Kyle Zsombor’s currency creatures.
In the aftermath of 2008’s financial crisis, Kyle Zsombor struck gold. Growing up with a taxidermy hobbyist father, the Kelowna artist had long been crafting unorthodox versions of his own animal forms—taking it beyond furs and utilizing materials like confetti and hole-punched paper circles. But when the U.S. dollar’s value plummeted, Zsombor seized the opportunity. “It was so cheap that a Canadian artist could use American dollars as collage material,” he explains. Hunting down stacks of American bills and coins from over 50 countries, he adorned Styrofoam taxidermy forms of a bull and a bear, aptly named Cash Cow and Bear Necessities, and hence money taxidermy was born.
Since then, Zsombor—equipped with bachelor’s degrees in international relations and fine arts—has kept one eye on the release of new editions of bills and the other eye tuned to current events for inspiration. Some recent projects include American Ill-Eagle, in response to the U.S. dollar dip; Hippo Pawesomeness was made in response to Burundi’s bottom ranking in the World Happiness Report 2016; and last year’s Brexit results earned a Winston Churchill–inspired bulldog with a coat of British pounds, pence, pennies, and one lonely euro coin. Zsombor has even shifted to include humans, decorating iconic busts of historical leaders like Nefertiti and Napoleon.
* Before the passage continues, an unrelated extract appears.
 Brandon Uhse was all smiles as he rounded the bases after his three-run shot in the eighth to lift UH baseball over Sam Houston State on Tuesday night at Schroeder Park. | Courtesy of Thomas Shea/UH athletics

Zsombor calls the process “artist’s magic” when, instead of one plus one equalling two, both materials are combined to create a third product that celebrates each original element.
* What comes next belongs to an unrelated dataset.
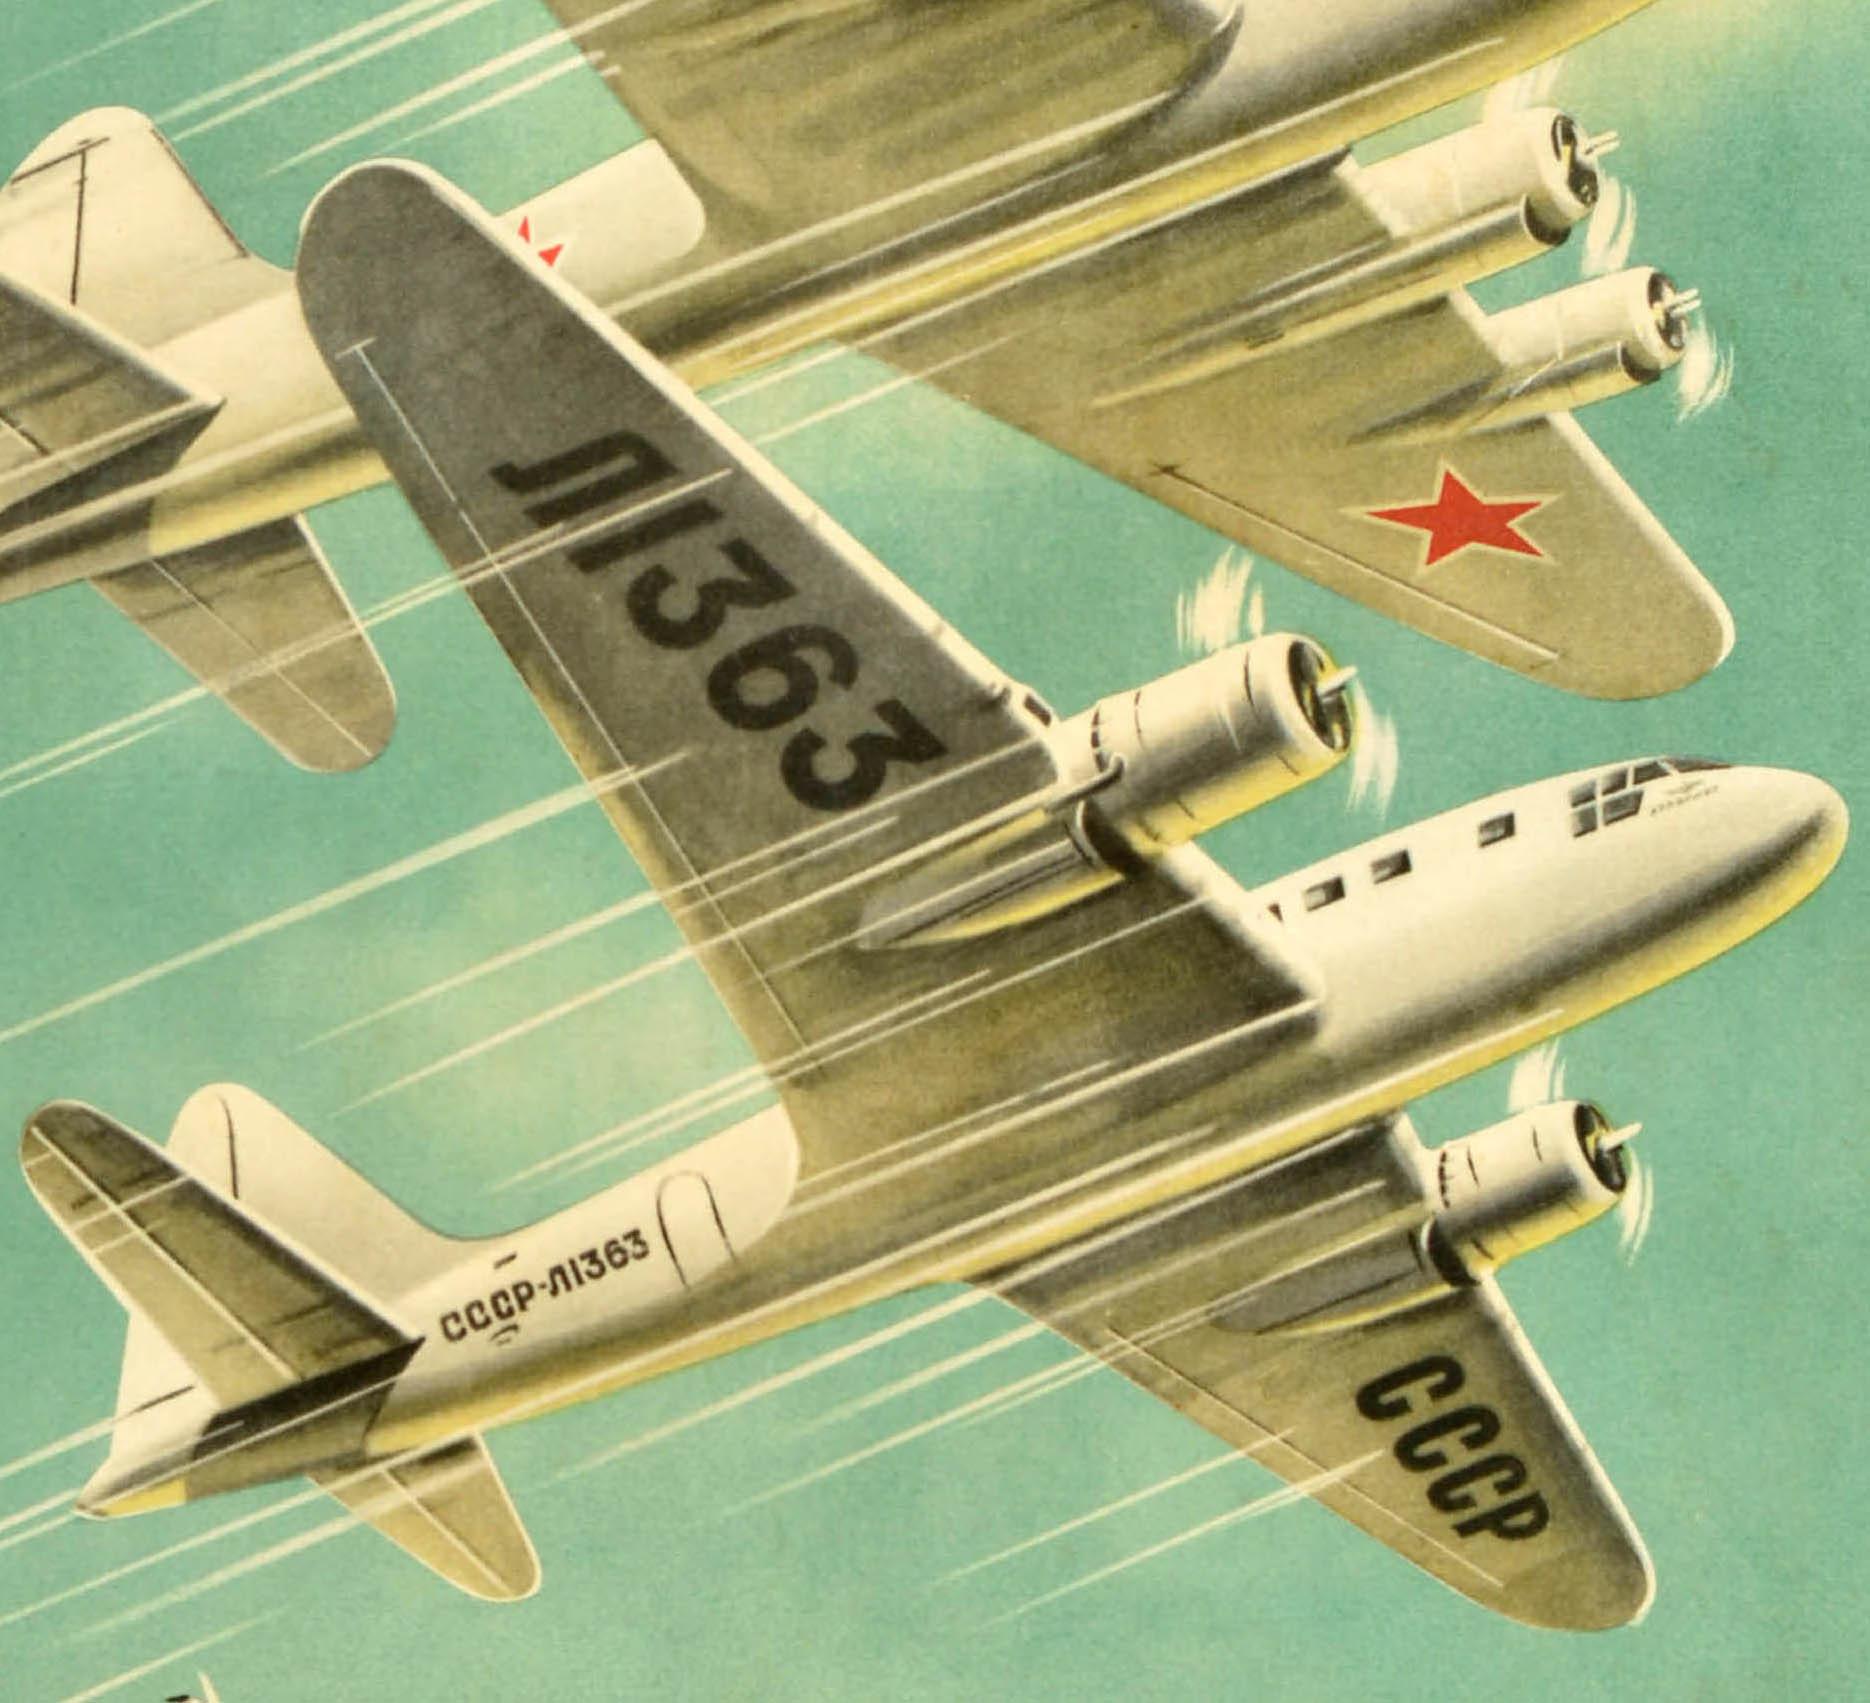 Original vintage propaganda poster - ????? ??????? ????????? ???????! Glory to the mighty Soviet aviation - featuring a dynamic image of jet and propeller air force and commercial passenger planes marked with red Soviet stars on their wings, one

In their naked Styrofoam forms, the taxidermy moulds are “sort of tacky,” Zsombor admits, but dressed in layers of currency they are given new life. Banknotes in place of furs or feathers makes for a certain beauty, typically unnoticed when passed over the counter to cashiers. “Dollar bills the world around are so complex in terms of all the imagery and colours… There are millions of them made, but we don’t see them as art,” Zsombor laments. “I certainly didn’t, but now, having worked on this, I do again. And I try to exalt it back up to that status.”
The result is eye catching, but it’s also jarring to see something we appraise snipped and sliced. In many countries, defacing currency is illegal, and Zsombor recognizes the subversive aspects of his work. “I’m challenging the institution of [mandated] currency, destroying the socio-economic sacredness of banknotes as a symbol of value,” he says. Zsombor reinterprets this value, not as a means of exchange, but as collage with symbolic properties. The new value, he suggests, comes from spending time deconstructing the bills—akin, one might say, to skinning an animal—and recombining the pieces to plump up the taxidermy form into a work of art.
Zsombor calls the process “artist’s magic” when, instead of one plus one equalling two, both materials are combined to create a third product that celebrates each original element. Consider it a well-needed lesson in the value of a dollar.